For non-quadratic objective functions, the FR method has global convergence when exact line search or strong Wolfe line search [2], [6] is used. The PRP method has no global convergence under some traditional line searches. Some convergent versions were proposed by using some new complicated line searches or through restricting the parameter β_k to a non-negative number [13], [14], [15], [25], [26]. The CD method was proved to have global convergence property under strong Wolfe line search with a strong restriction on the parameters [5] and DY method has global convergence under weak Wolfe line search [7]. Some impressive literature on conjugate gradient methods can be found in [3], [4], [5], [8], [11], [12], [18], [17], [22], [23], [30].

However, to the best of our knowledge, the global convergence of the original LS and HS methods has not been proved under all the mentioned line searches. In this paper, we propose a new line search procedure and investigate the global convergence of the original LS method.

In the line search method, the search direction d_k is generally required to satisfy

$$g_k^T{d}_k<0\text{,}$$

which guarantees that d_k is a descent direction of f(x) at x_k [10], [16], [29]. In order to guarantee the global convergence, we sometimes require d_k to satisfy the sufficient descent condition

$$g_k^T{d}_k⩽-c\Vert g_k{\Vert }^2\text{,}$$

where c > 0 is a constant. Moreover, the angle property is often used in proving the global convergence of related line search methods, that is

$$\cos 〈-g_k\text{,}{d}_k〉=-\frac{g_k^T{d}_k}{\Vert g_k\Vert ·\Vert d_k\Vert }⩾\tau \text{,}$$

where 1 ⩾ τ > 0.

Once the descent direction d_k is determined at the kth iteration we should seek a step size along the descent direction and complete one iteration.

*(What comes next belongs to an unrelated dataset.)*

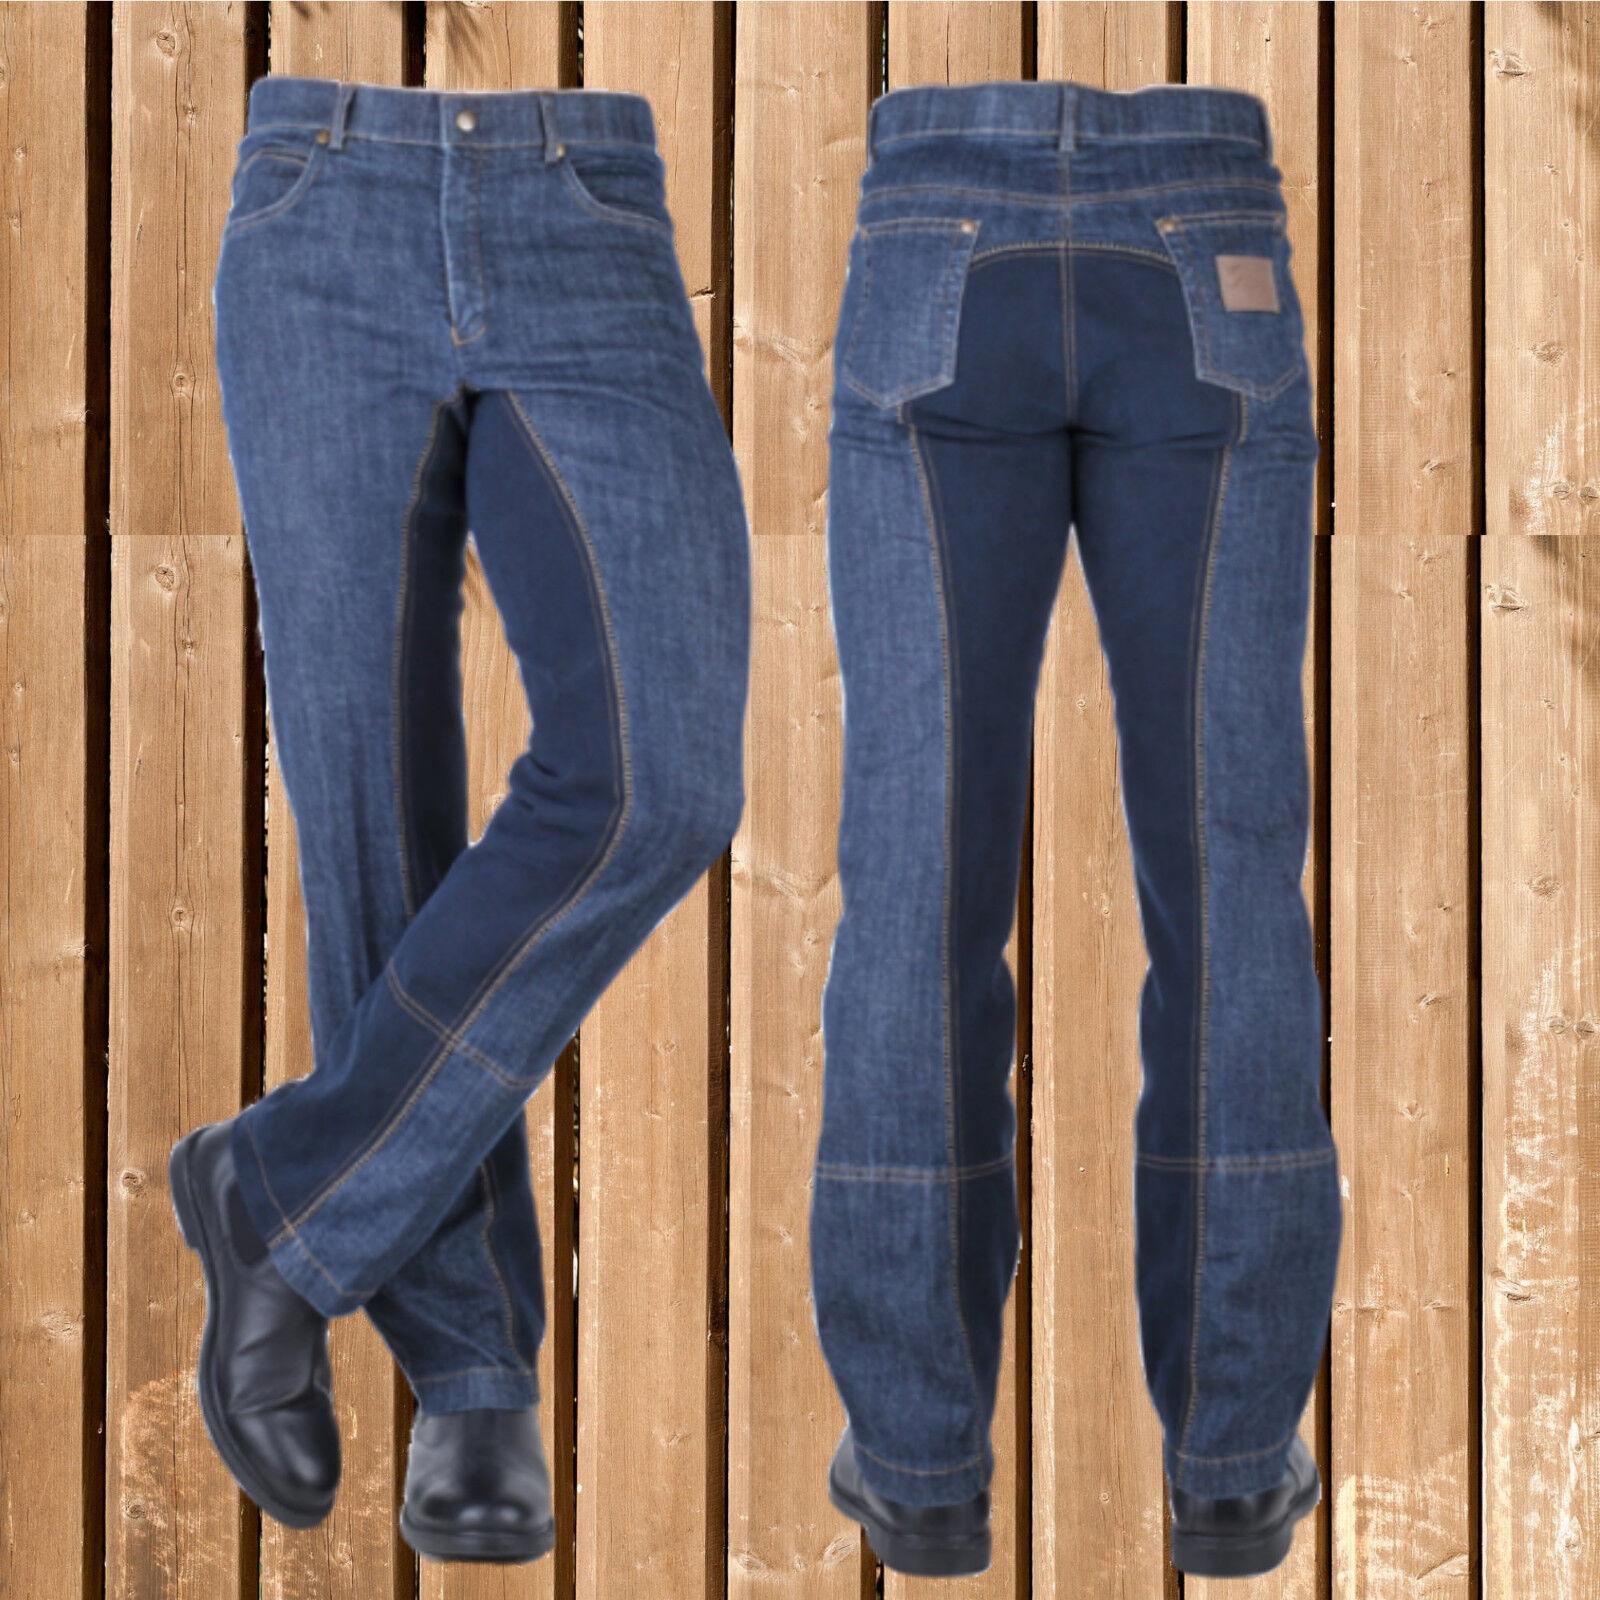 HKM Herren Jeans Jodhpur Reithose Texas, Men, Jeans Jeans Men, Männer Jodhpur Reithose 59ad35

There are many approaches to find an available step size in which the exact line search is difficult or even impossible to carry out and some inexact line search rules are sometimes useful and powerful in practical computation, such as Armijo line search [1], Goldstein and Wolfe line searches [9], [19], [29]. The Armijo line search is useful and easy to implement in practical computation.

Armijo line search. Let s > 0 be a constant, ρ ∈ (0, 1) and μ ∈ (0, 1). Choose α_k to be the largest α in {s, sρ, sρ², … , } such that

$$f_k-f(x_k+\alpha d_k)⩾-\alpha \mu g_k^T{d}_k\text{.}$$

The drawback of the Armijo line search is how to choose the initial step size s. If s is too large then the procedure needs to call much more function evaluations. If s is too small then the efficiency of related algorithm will be decreased. Thereby, we should choose an adequate initial step size s at each iteration so as to find the step size α_k easily.

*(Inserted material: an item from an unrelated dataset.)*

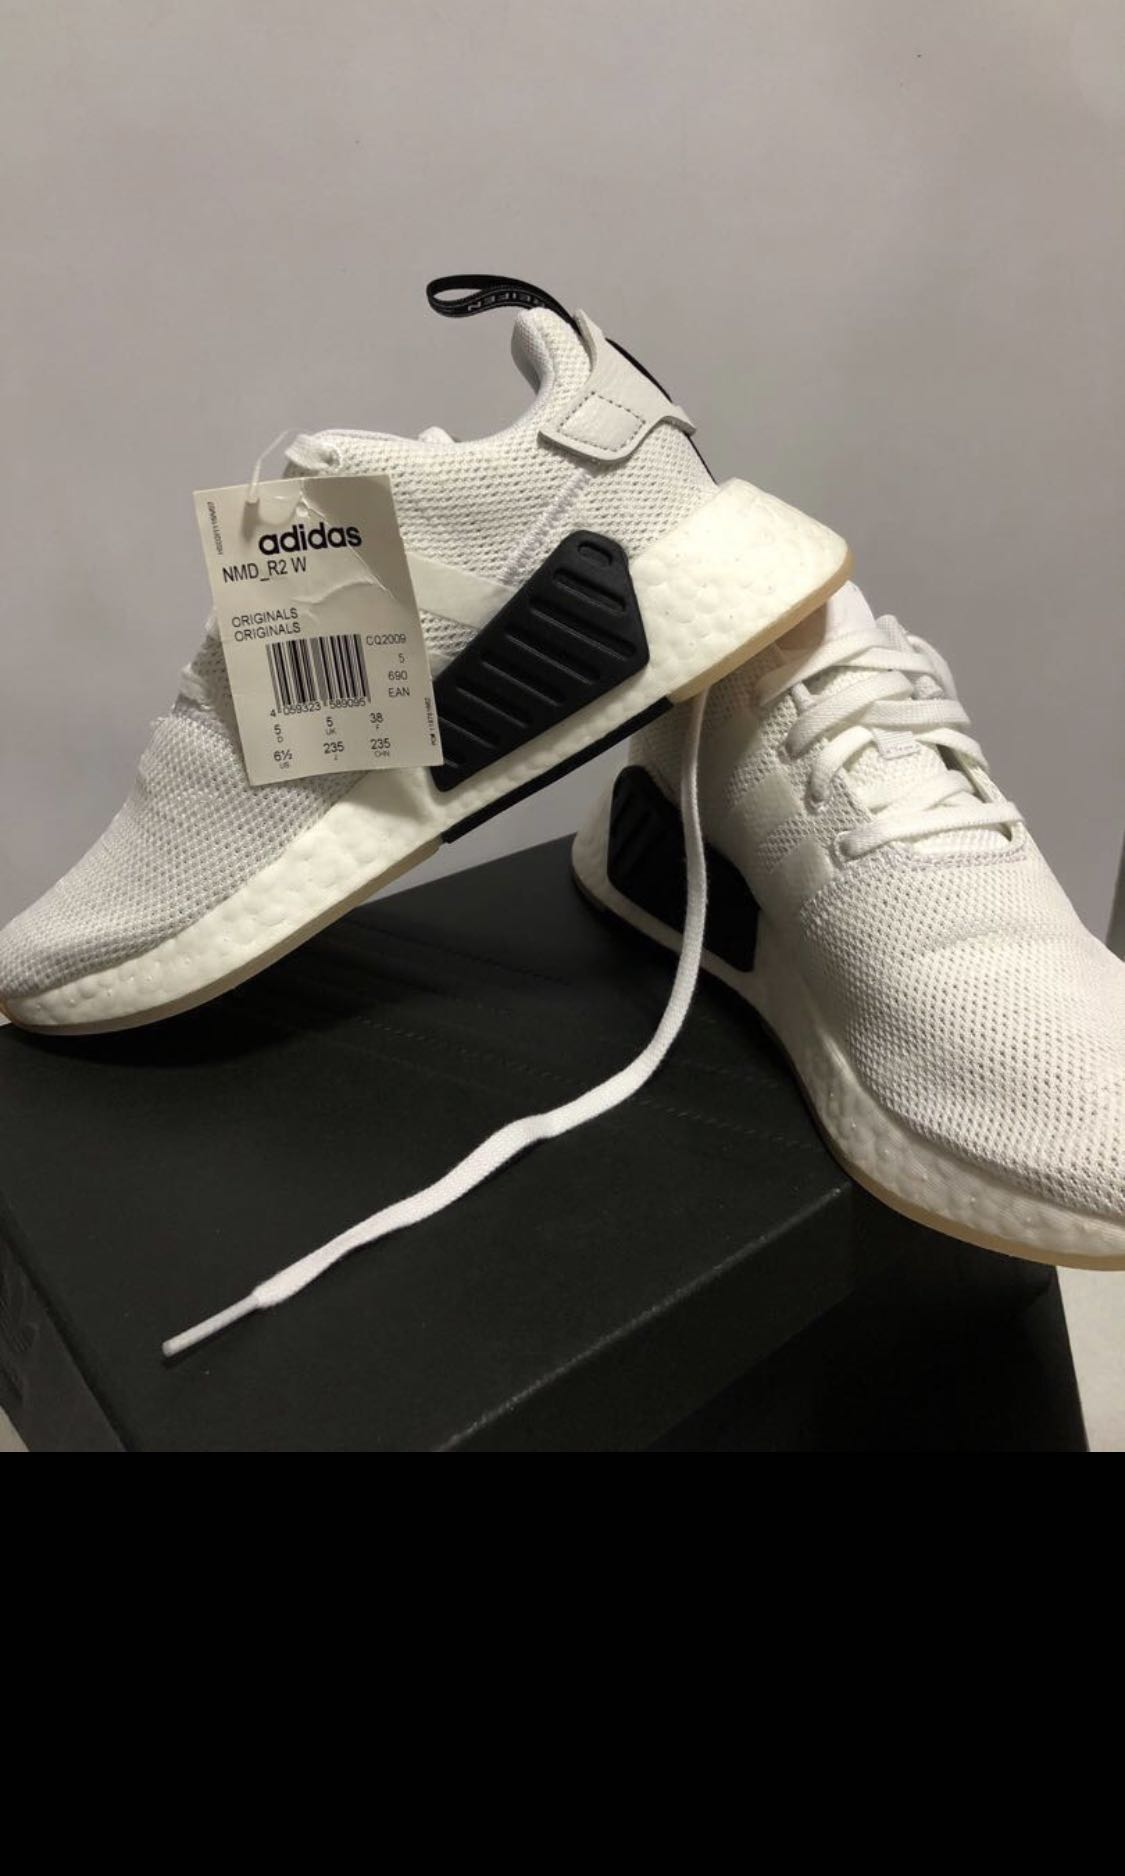 443c8bb41 Adidas NMD R2 white

In this paper we propose a new Armijo-type line search in which an appropriate initial step size s is defined and varies at each iteration. The new Armijo-type line search enables us to find the step size α_k easily at each iteration and guarantees the global convergence of the original LS conjugate gradient method under some mild conditions. The global convergence and linear convergence rate are analyzed and numerical results show that LS method with the new Armijo-type line search is more effective than other similar methods in solving large scale minimization problems.

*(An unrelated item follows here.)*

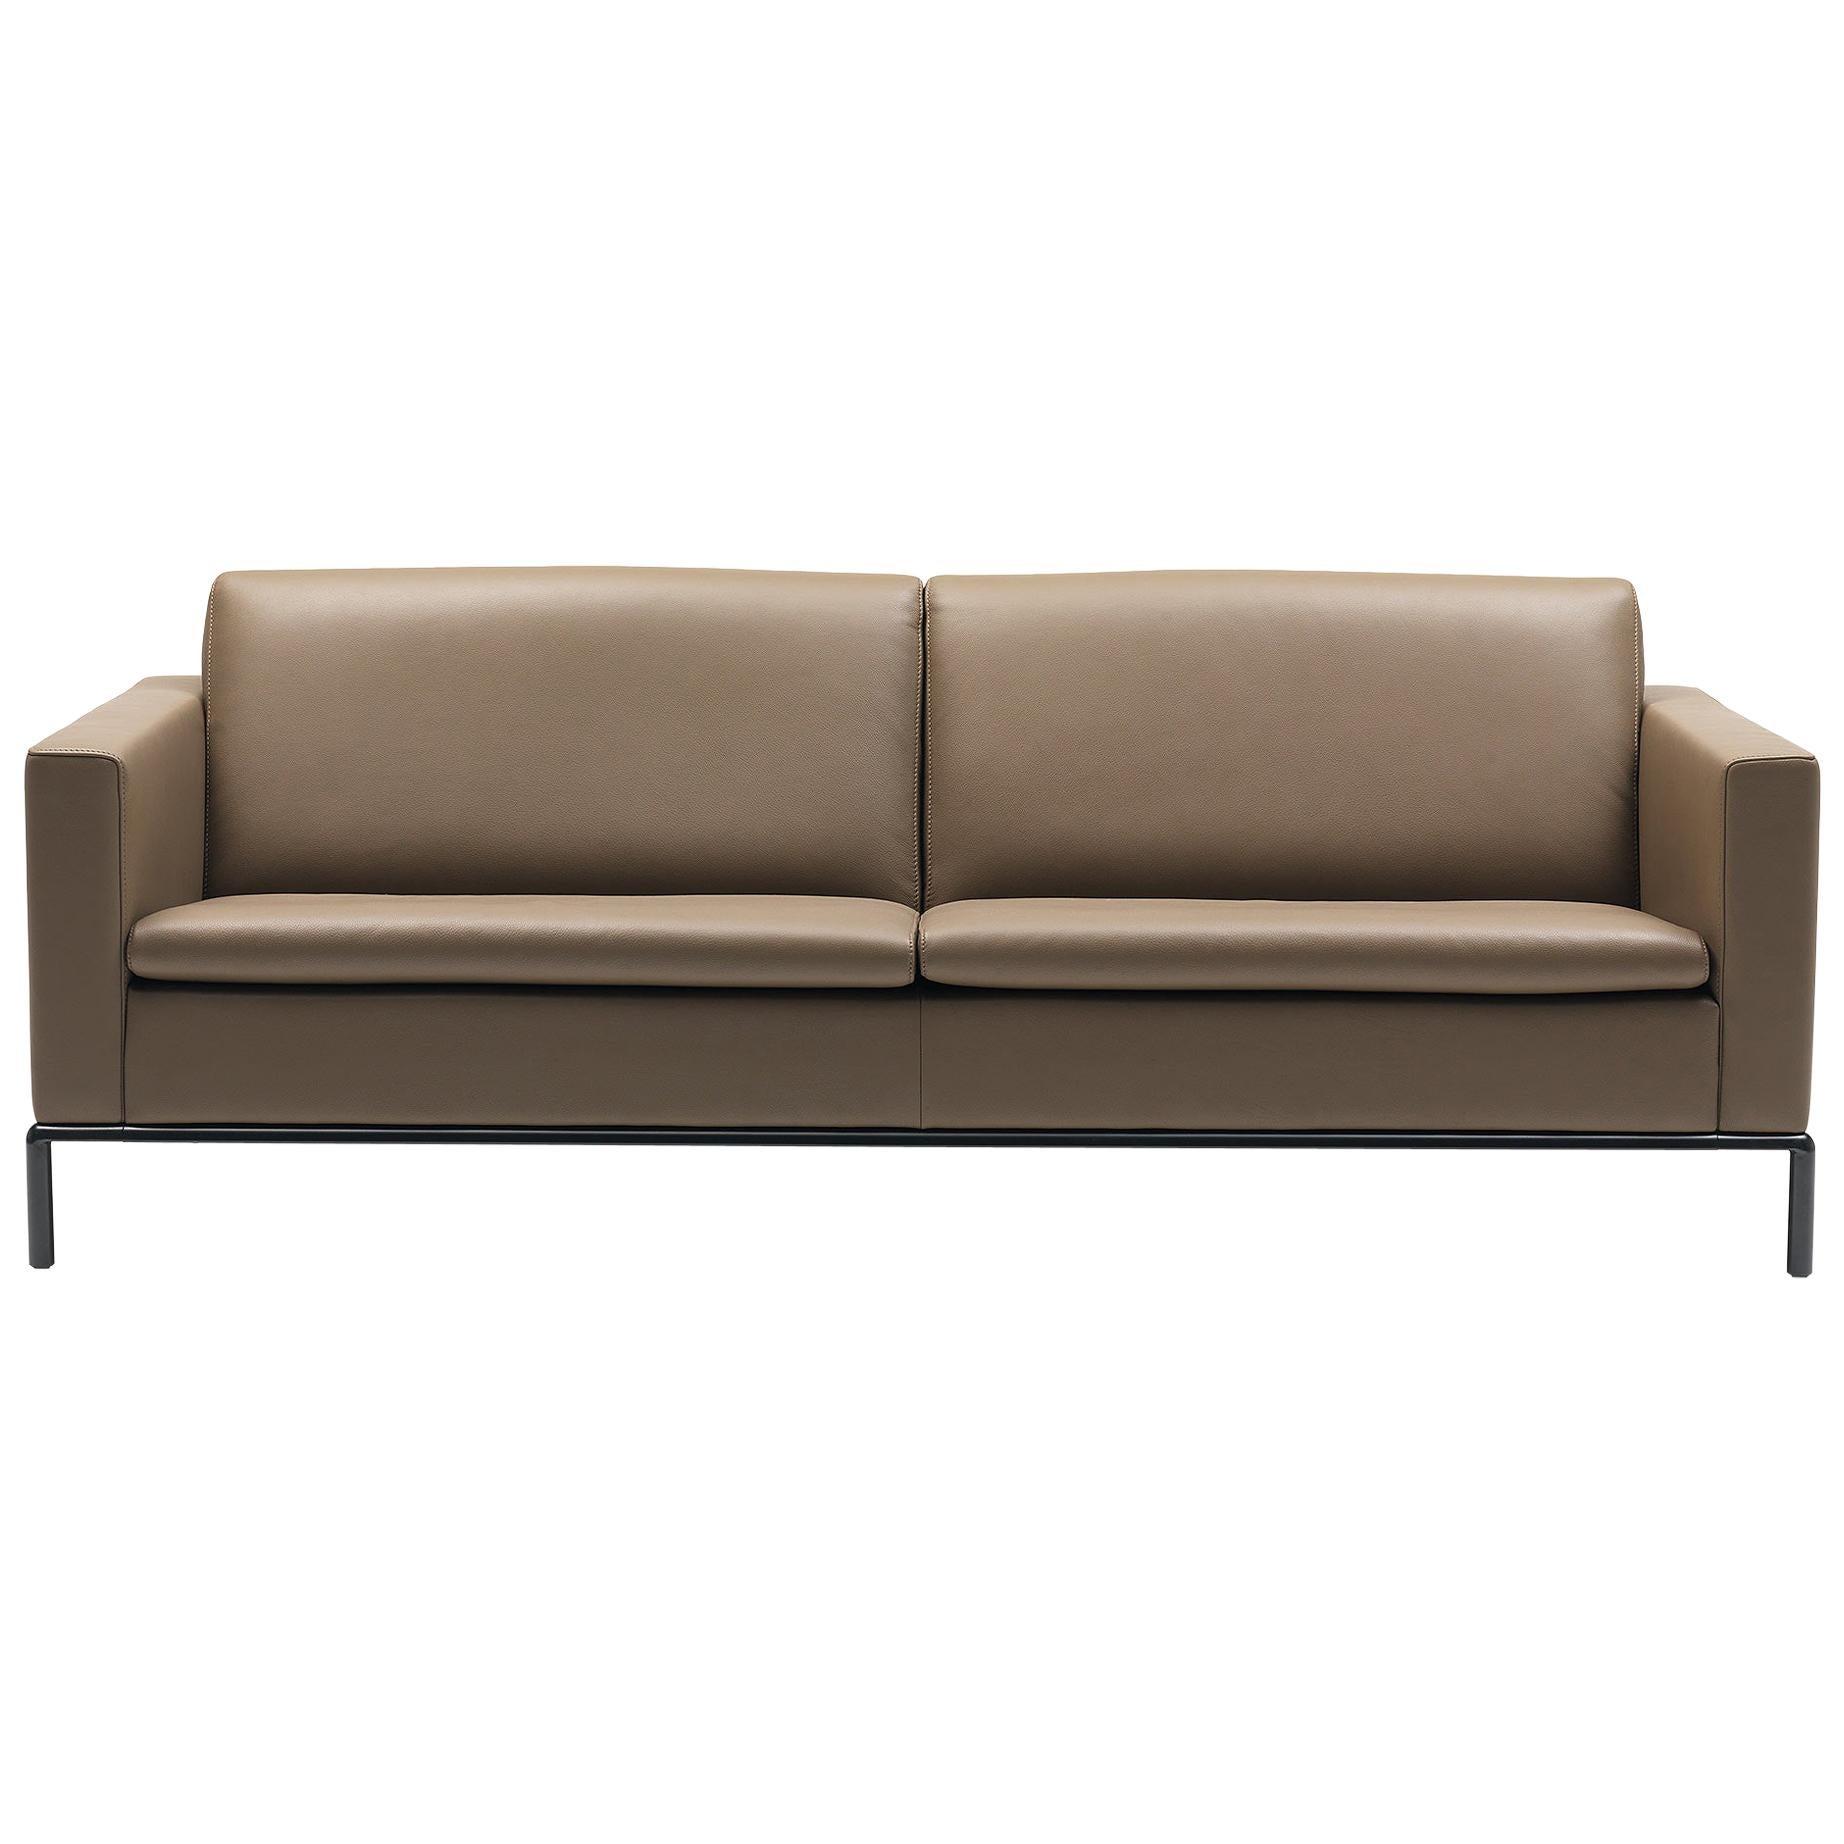 De Sede DS-4 Three-Seat Sofa in Olive Upholstery by Antonella Scarpitta

The rest of this paper is organized as follows. In the next section we introduce a new Armijo-type line search and establish a convergent version of LS method. In Sections 3 Global convergence, 4 Linear convergence rate the global convergence and linear convergence rate are analyzed respectively. Some numerical results are reported in Section 5.